The data collected ranges from package weight, shape and size, to facility capacity and delivery routing and scheduling throughout its network. The insights extracted from the data help UPS inform everything from how to load delivery vehicles more efficiently, to making more targeted adjustments to operations and minimizing forecasting uncertainty during holiday periods. Through more intelligent routing and delivery processes, the technologies have also helped the company cut its fuel consumption by up to 10 million gallons a year.

UPS’ strategy reveals a very high level of operational dependency on data analytics and AI compared with many organizations. At the heart of this is a strategic collaboration with a major cloud provider; in this case, Google Cloud. This is another important aspect of operationalizing AI. As more companies like UPS embed AI into operational processes, we’re starting to see them choose a strategic supplier for cloud and AI solutions to help them achieve their business and innovation goals and above all, help them collaboratively to build and apply AI in their operations. This was a topic I covered in Choosing a Cloud for Business Innovation and Change.
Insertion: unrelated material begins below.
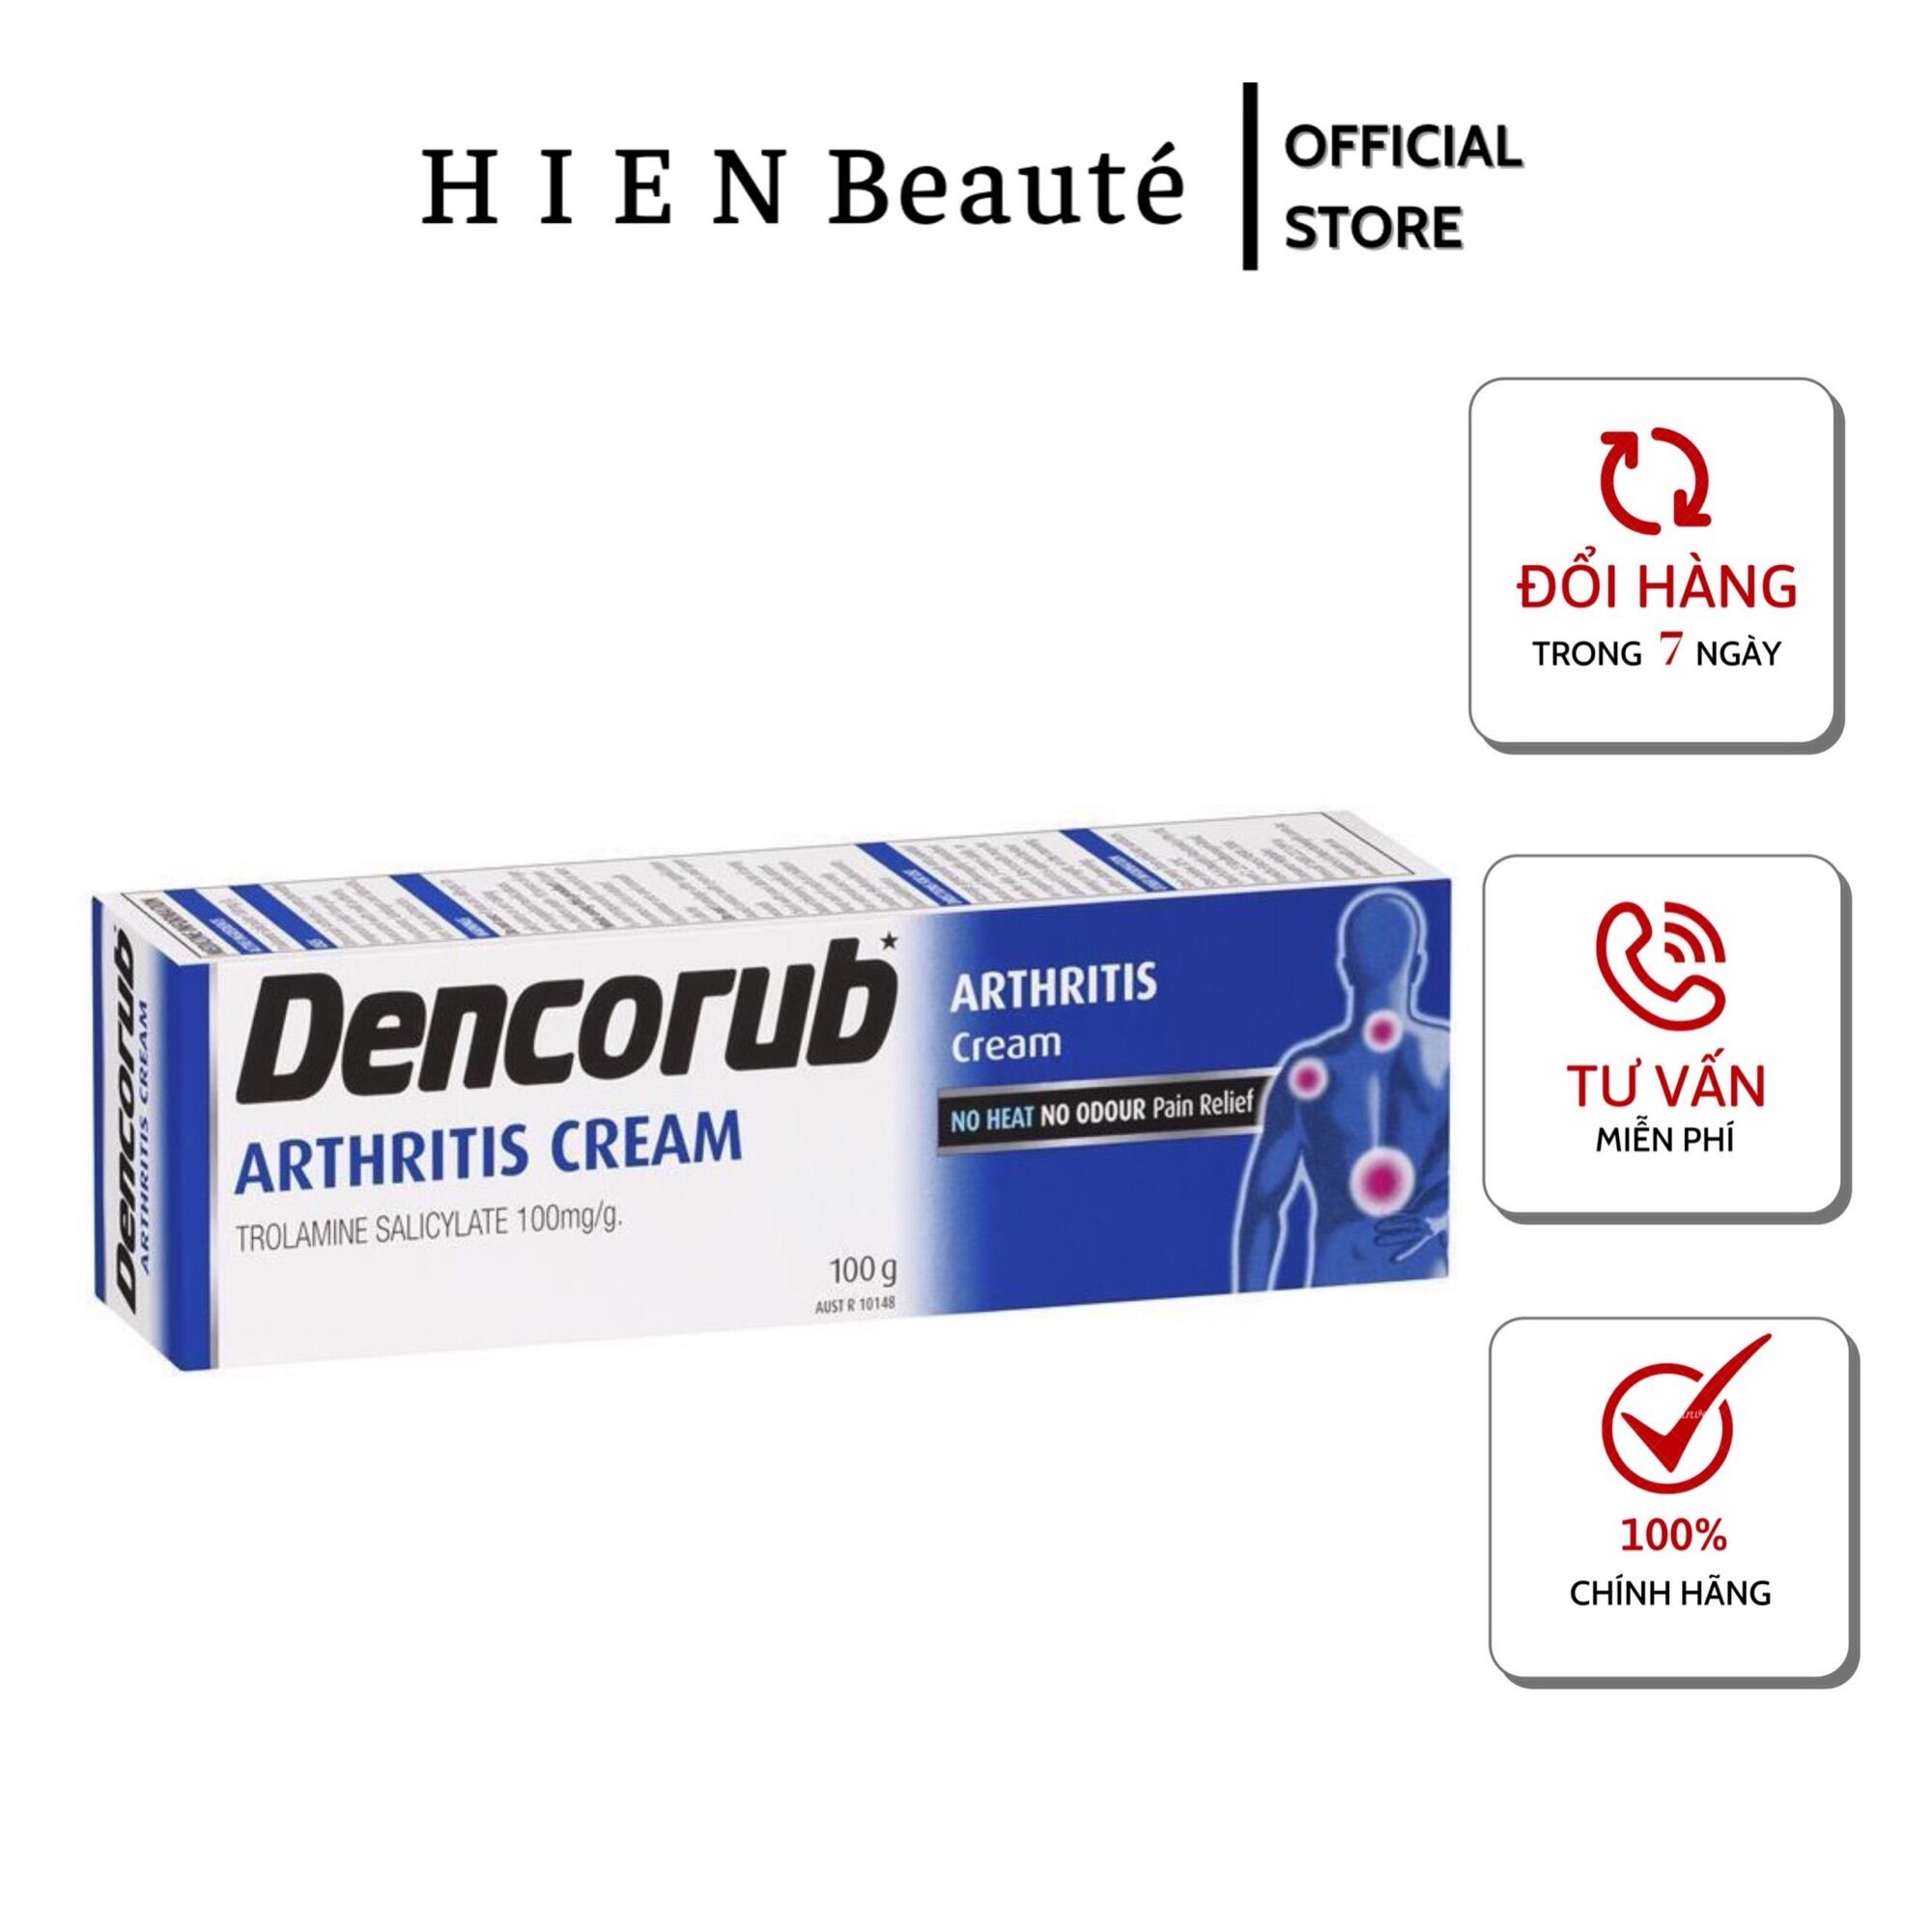 Dầu Xoa Bóp Dencorub Arthritis Cream 100g - Úc

Three Tips to Start the Journey to Operationalizing AI

I believe AES, ANZ and UPS are great deployments because they highlight three important considerations for customers that have yet to shift beyond narrow projects or take AI from the lab into operational processes.
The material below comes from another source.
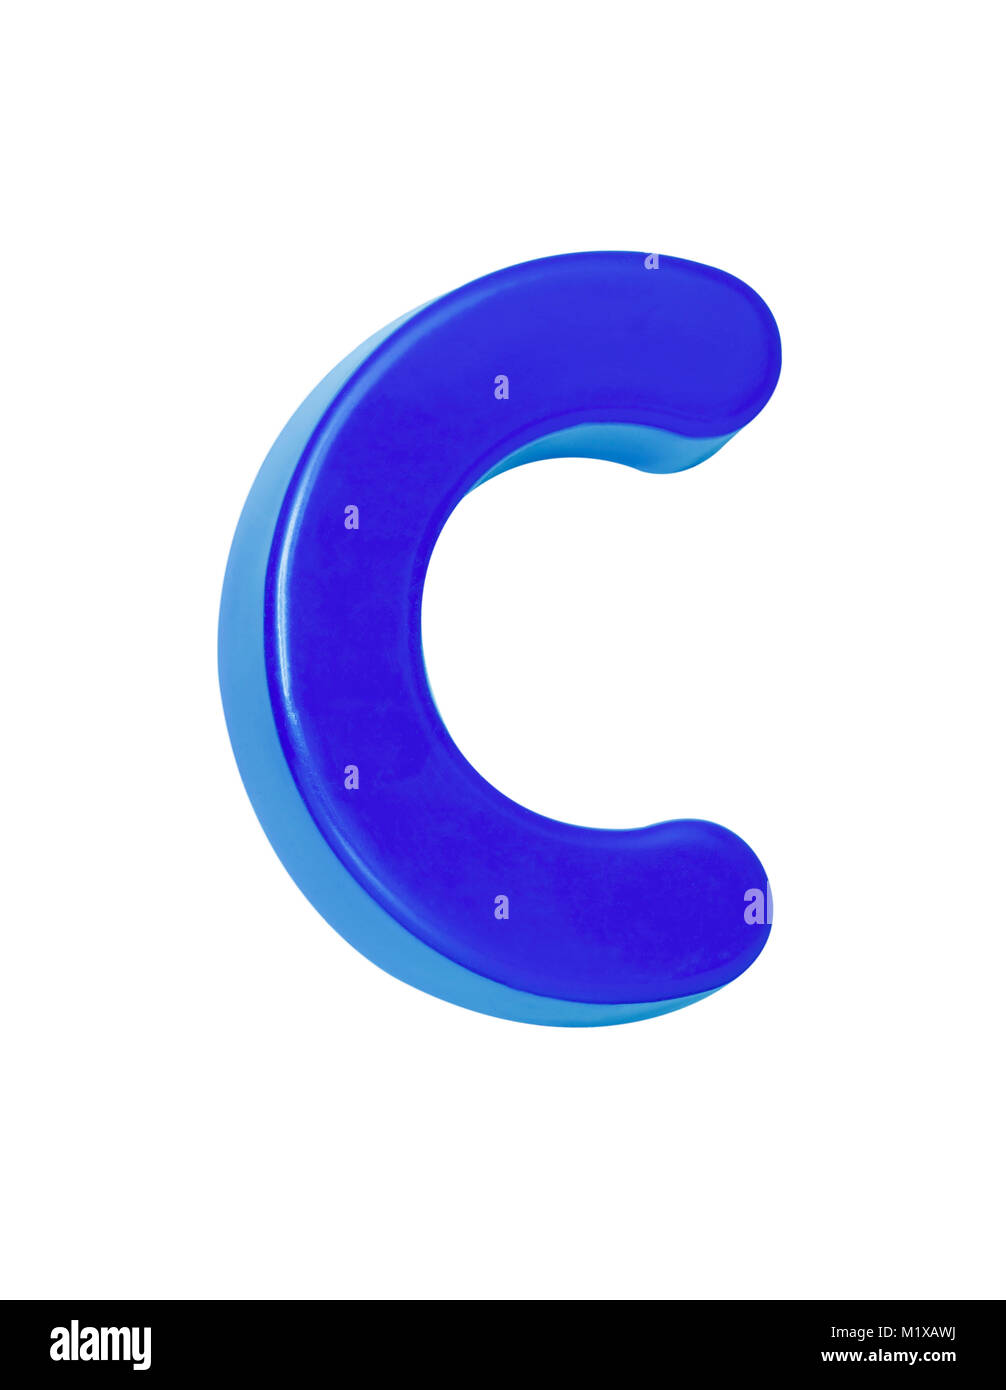 A cut out shot of a blue plastic letter 'C' Stock Photo

  1. Continuous measurement. Focussing on the right business and operational metrics will dictate whether projects succeed or fail. Embedding these indicators into projects allows you to continually measure and optimize success in an ongoing, iterative cycle of improvement. Ensure defined goals and purpose, and that you collect the right metrics to support these aims. This will help you influence each phase of your journey as you expand AI in your operations.
  2. Embed governance into your AI processes early. CCS Insight predicts that governance will become the biggest requirement for AI in 2020, based on the growing need in enterprises for support in the ethical design of applications, the management of data bias and drift, tools to enhance the interpretability of models and help in deploying secure and compliant algorithms. Look to embed governance processes from the beginning when designing AI projects underpinned by a solid foundation of data governance. Remember, performance and trust in AI will depend on the quality of the data practices that you feed into it. Therefore, think of governance not as a process that stifles innovation, but as one that improves the performance, output and above all, trust in the technology and as a fundamental for operationalizing AI in your business.
  3. Choose the right cloud. Whatever stage of the cloud journey your organization is in, selecting the right cloud provider to support your data and AI strategy is vital. Indeed, our latest IT decision-maker survey found that 57% of respondents prefer a single or preferred cloud supplier for their machine learning strategy. Look for a provider that continually invests in a technology stack that takes the risks out of an AI strategy, sparing you the complexity of implementation and letting you focus on how the new tools solve your most important problems. It’s also important to consider a provider that offers support beyond the technology, that can best work collaboratively, share best practices and understand your operational context to best deploy AI responsibly.

Reaching AI’s Potential

AI is now being applied to solve a wide range of important problems, from ambitious goals in fighting climate change, to more specific challenges such as money laundering and improving demand forecasting. But for the technology to reach its full potential, organizations must spend time and effort developing a realistic plan to operationalize the AI solutions they select.

As more businesses define their strategies and structure their AI programmes in the coming 12 months, they should consider some of the lessons learned from companies that are further along their journey, like AES, ANZ, UPS and others. They will help you reap the benefits from operationalized AI in your organization.